0
votes

I need to convert uploaded filenames with an unknown encoding to Windows-1252 whilst also keeping UTF-8 compatibility.

As I pass on those files to a controller (on which I don't have any influence), the files have to be Windows-1252 encoded. This controller then again generates a list of valid file(names) that are stored via MySQL into a database - therefore I need UTF-8 compatibility. Filenames passed to the controller and filenames written to the database MUST match. So far so good.

In some rare cases, when converting to "Windows-1252" (like with te character "ï"), the character is converted to something invalid in UTF-8. MySQL then drops those invalid characters - as a result filenames on disk and filenames stored to the database don't match anymore. This conversion, which failes sometimes, is achieved with simple recoding:

$sEncoding       = mb_detect_encoding($sOriginalFilename);
$sTargetFilename = iconv($sEncoding, "Windows-1252//IGNORE", $sOriginalFilename);

To prevent invalid characters being generated by the conversion, I then again can remove all invalid UTF-8 characters from the recoded string:

ini_set('mbstring.substitute_character', "none");
$sEncoding       = mb_detect_encoding($sOriginalFilename);
$sTargetFilename = iconv($sEncoding, "Windows-1252//TRANSLIT", $sOriginalFilename);
$sTargetFilename = mb_convert_encoding($sTargetFilename, 'UTF-8', 'Windows-1252');

But this will completely remove / recode any special characters left in the string. For example I lose all "äöüÄÖÜ" etc., which are quite regular in german language.

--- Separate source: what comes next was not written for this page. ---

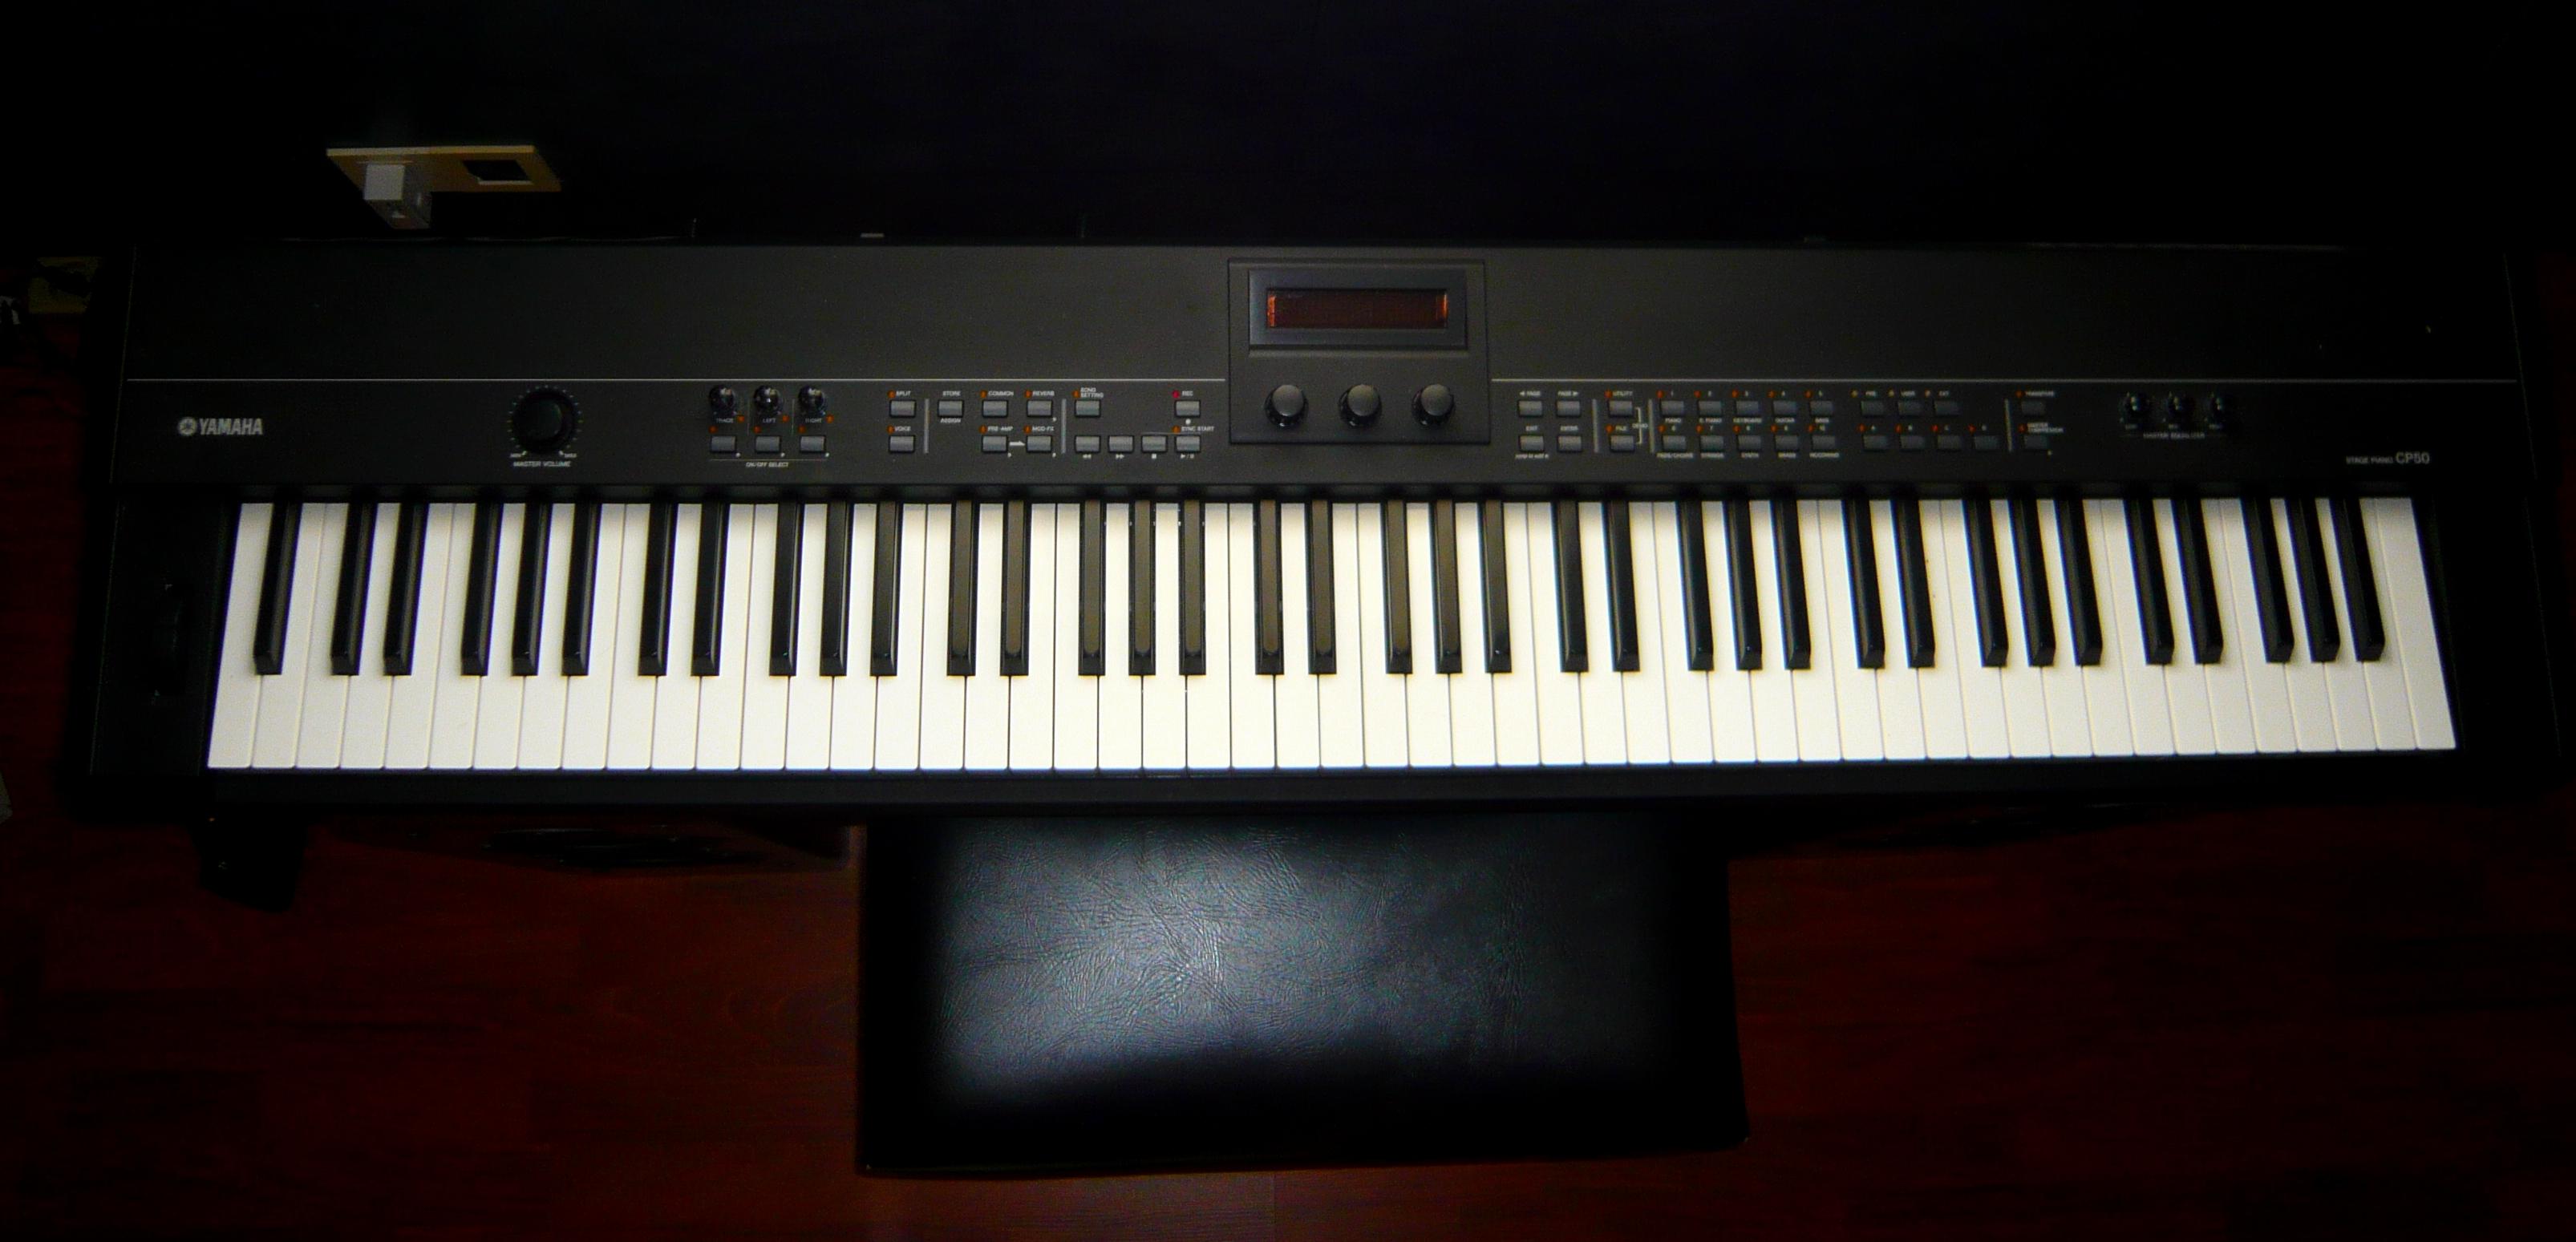 Yamaha cp50 image 459451 audiofanzine for Yamaha cp50 review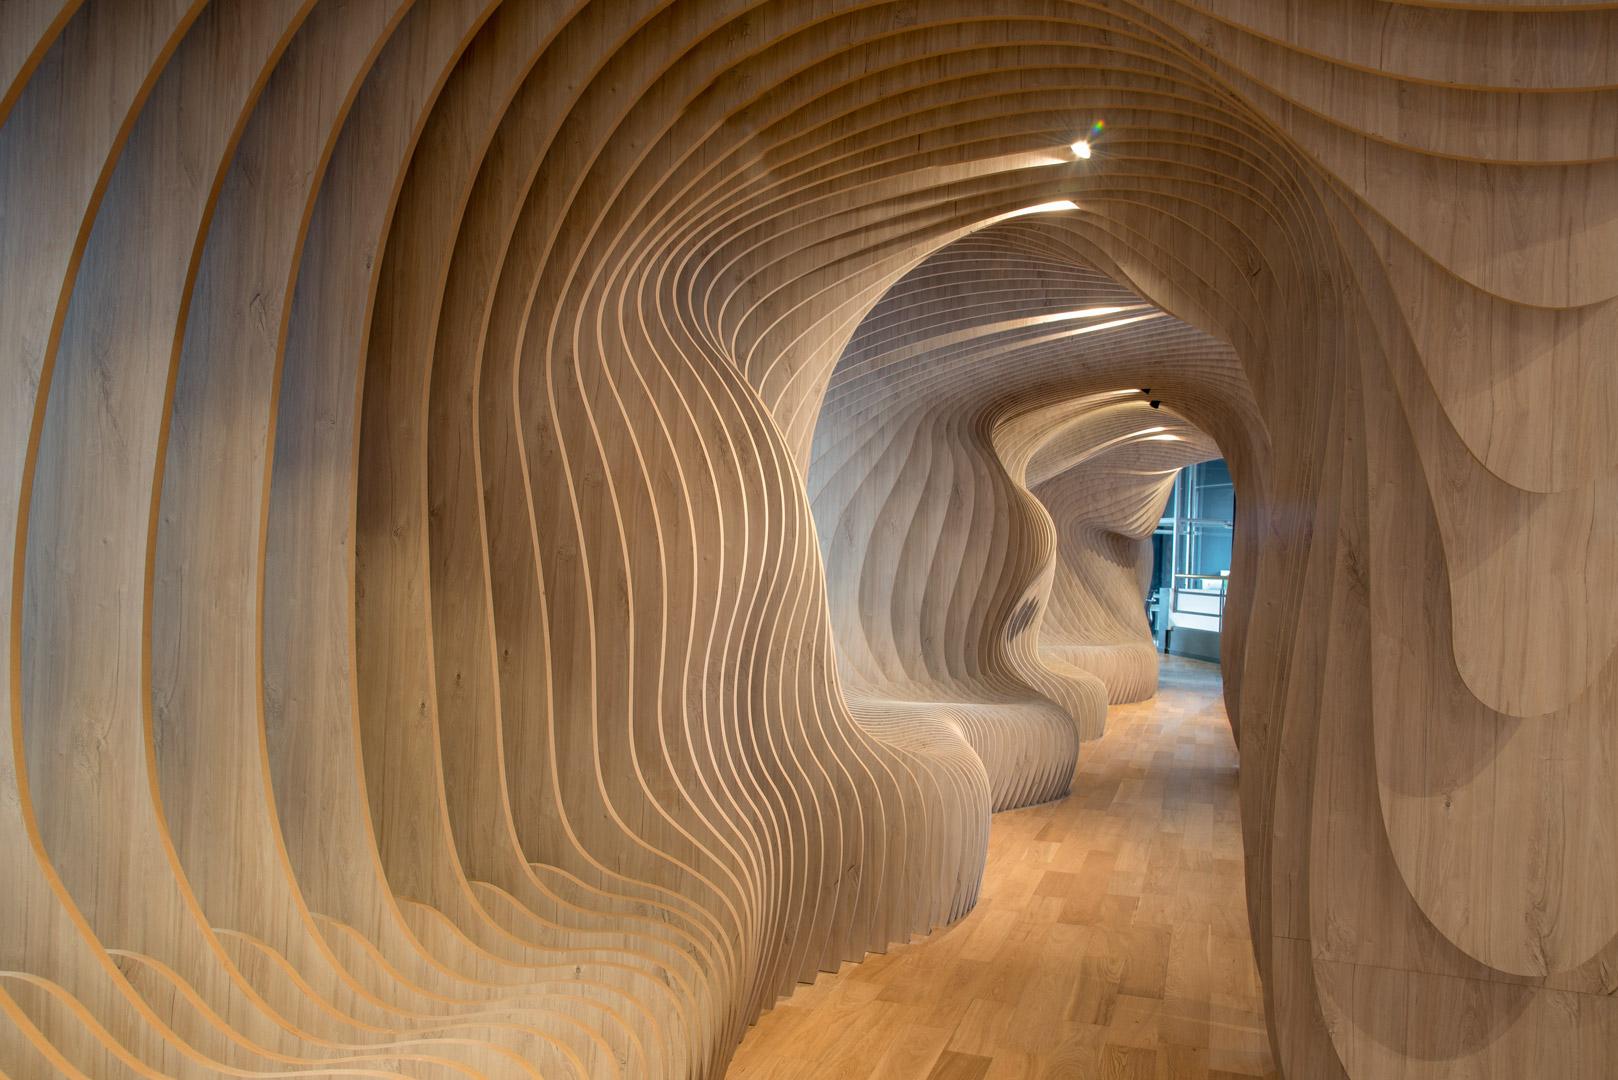 Espacio Patagonia Flooring Center. Diseño Paramétrico en melamina.

If you know a cleaner and simpler way of encoding to Windows-1252 (without losing valid special characters), please let me know.

Any help is very appreciated. Thank you in advance!

3

3 Answers

3
votes

I think the main problem is that mb_detect_encoding() does not do exactly what you think it does. It attempts to detect the character encoding but it does it from a fairly limited list of predefined encodings. By default, those encodings are the ones returned by mb_detect_order(). In my computer they are:

  • ASCII
  • UTF-8

So this function is completely useless unless you take care of compiling a list of candidate encodings and feeding the function with it.

Additionally, there's basically no reliable way to guess the encoding of an arbitrary input string, even if you restrict yourself to a small subset of encodings. In your case, Windows-1252 is so close to ISO-8859-1 and ISO-8859-15 that you have no way to tell them apart other than visual inspection of key characters like ¤ or €.

3
votes

You can't have a string be Windows-1252 and UTF-8 at the same time. The character sets are identical for the first 128 characters (they contain e.g. the basic latin alphabet), but when it goes beyond that (like for Umlauts), it's either one or the other. They have different code points in UTF-8 than they have in Windows-1252.

1
votes

Keep to ASCII in the filesystem - if you need to sustain characters outside ASCII in a filename, there are schemes you can use to represent unicode characters while keeping to ASCII.

For example, percent encoding:

äöüÄÖÜ.txt <-> %C3%A4%C3%B6%C3%BC%C3%84%C3%96%C3%9C.txt

Of course this will hit the file name limit pretty fast and is not very optimal.

How about punycode?

äöüÄÖÜ.txt <-> xn--4caa7cb2ac.txt